Unable to export genotypes

CuriousGeneticist · October 8, 2022, 5:28pm

Hello all, I am processing a relatively large VCF file with ~6000 WES samples. I am trying to export the genotypes of rare loss-of-function “PASS” variants with this line (after filtering the mt):

mt_lof.GT.export("./GT.tsv")

However, I seem to be stuck on Stage 7 for a long time. Looking at the log file, this line was repeated for a few hours:

2022-10-08 12:17:10 ExternalSorter: INFO: Task 579 force spilling in-memory map to disk and it will release 189.6 MiB memory
2022-10-08 12:20:20 ShuffleBlockFetcherIterator: INFO: Getting 1 (8.6 MiB) non-empty blocks including 1 (8.6 MiB) local and 0 (0.0 B) host-local and 0 (0.0 B) remote blocks
2022-10-08 12:20:20 ShuffleBlockFetcherIterator: INFO: Started 0 remote fetches in 11 ms
2022-10-08 12:20:20 ExternalSorter: INFO: Task 579 force spilling in-memory map to disk and it will release 189.6 MiB memory
2022-10-08 12:21:39 ShuffleBlockFetcherIterator: INFO: Getting 1 (8.6 MiB) non-empty blocks including 1 (8.6 MiB) local and 0 (0.0 B) host-local and 0 (0.0 B) remote blocks
2022-10-08 12:21:39 ShuffleBlockFetcherIterator: INFO: Started 0 remote fetches in 0 ms

And it ended off with:

2022-10-08 13:17:23 root: INFO: RegionPool: FREE: 11.2M allocated (9.9M blocks / 1.2M chunks), regions.size = 2, 0 current java objects, thread 16: Thread-5
2022-10-08 13:17:23 DiskBlockManager: INFO: Shutdown hook called
2022-10-08 13:17:23 root: ERROR: OutOfMemoryError: GC overhead limit exceeded

I have already allocated 29GB of RAM and initiated it with spark_conf. Does anyone have any advice on this issue? Thanks a lot.

danking · October 9, 2022, 5:33pm

Hey @CuriousGeneticist !

Are you using a cluster or a laptop/server? It sounds like you’ve specified something in spark_conf. Can you share exactly how you initialized Hail? If you’re on a laptop/server you should initialize Hail as specified in this post.

Exporting the genotypes as a TSV file, as you’re doing above, converts from a relatively compact VCF-like format (one row per variant) to a relatively verbose format (one row per genotype).

Do you want the genotypes or just the variant names? If you just want the variant names do this:

mt_lof.rows().select().export('./GT.tsv')

if you want the genotypes, can you use a VCF export instead? That will be faster and smaller than a TSV export. Take a look at hl.export_vcf.

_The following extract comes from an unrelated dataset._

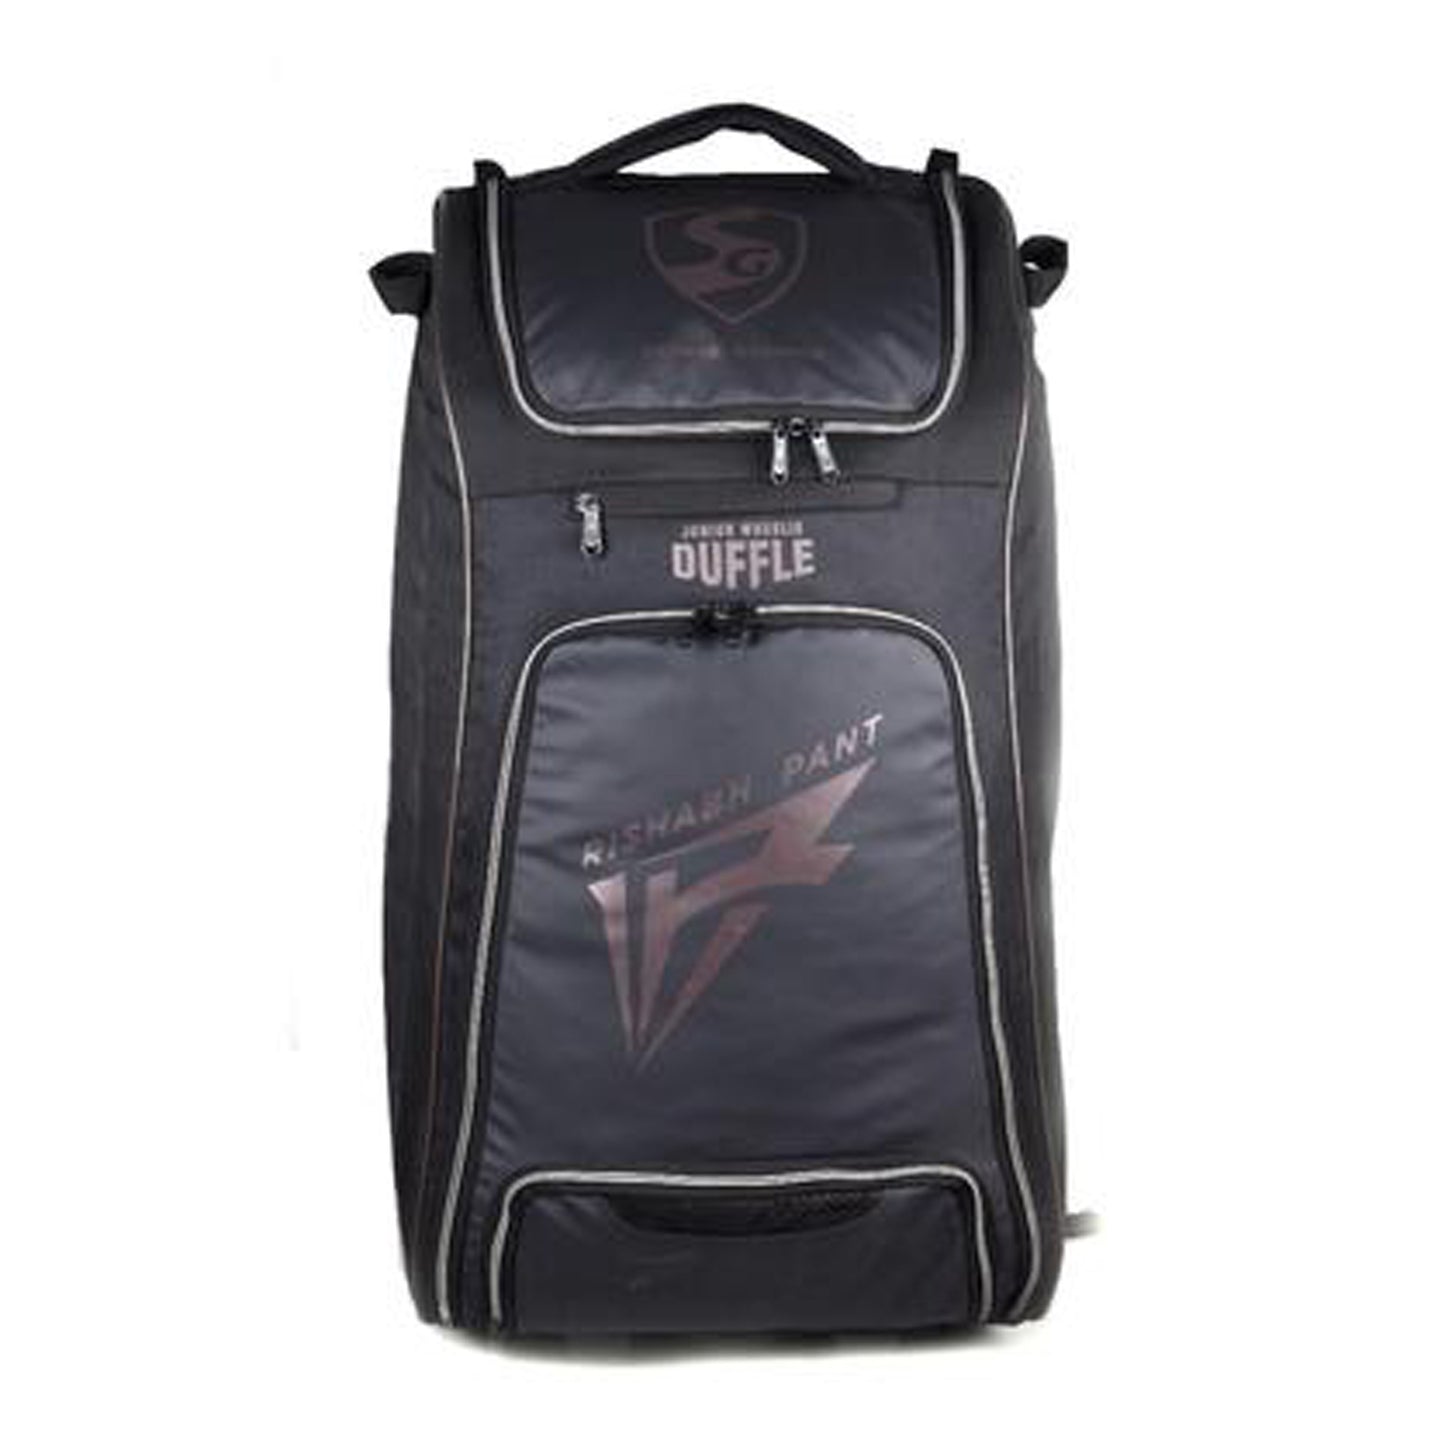 SG Duffle RP Junior Cricket Kit Bag - Best Price online Prokicksports.com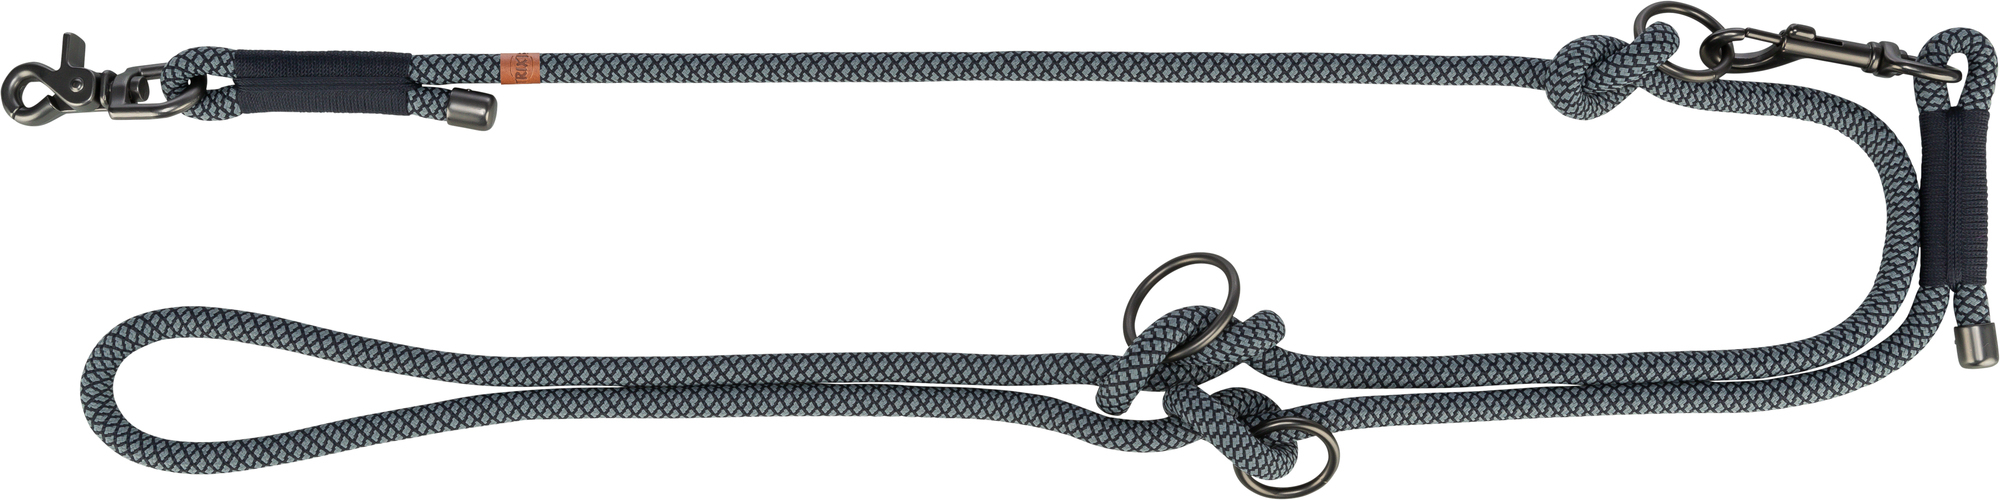 Correa Soft Rope Trixie - 2m - varios colores disponibles

CuriousGeneticist · October 11, 2022, 1:19am

Thank you for your response @danking !

I am using a Jupyter notebook on a cluster. I specified this for my initialization:

hl.init(log='./log.log', spark_conf={'spark.driver.memory': '29g', 'spark.executor.memory':'29G'})

If I am not wrong, doing mt.GT.export gives us one row per variant, and then a column for each sample for the genotype. This is the output file that I desire. I am not too familiar in terms of dealing with a VCF file per se. Can I ask if I can check if throwing more memory can possibly allow me to export the genotype file? I have tried 100g RAM, but to no avail… (unless I am not initiating the memory properly)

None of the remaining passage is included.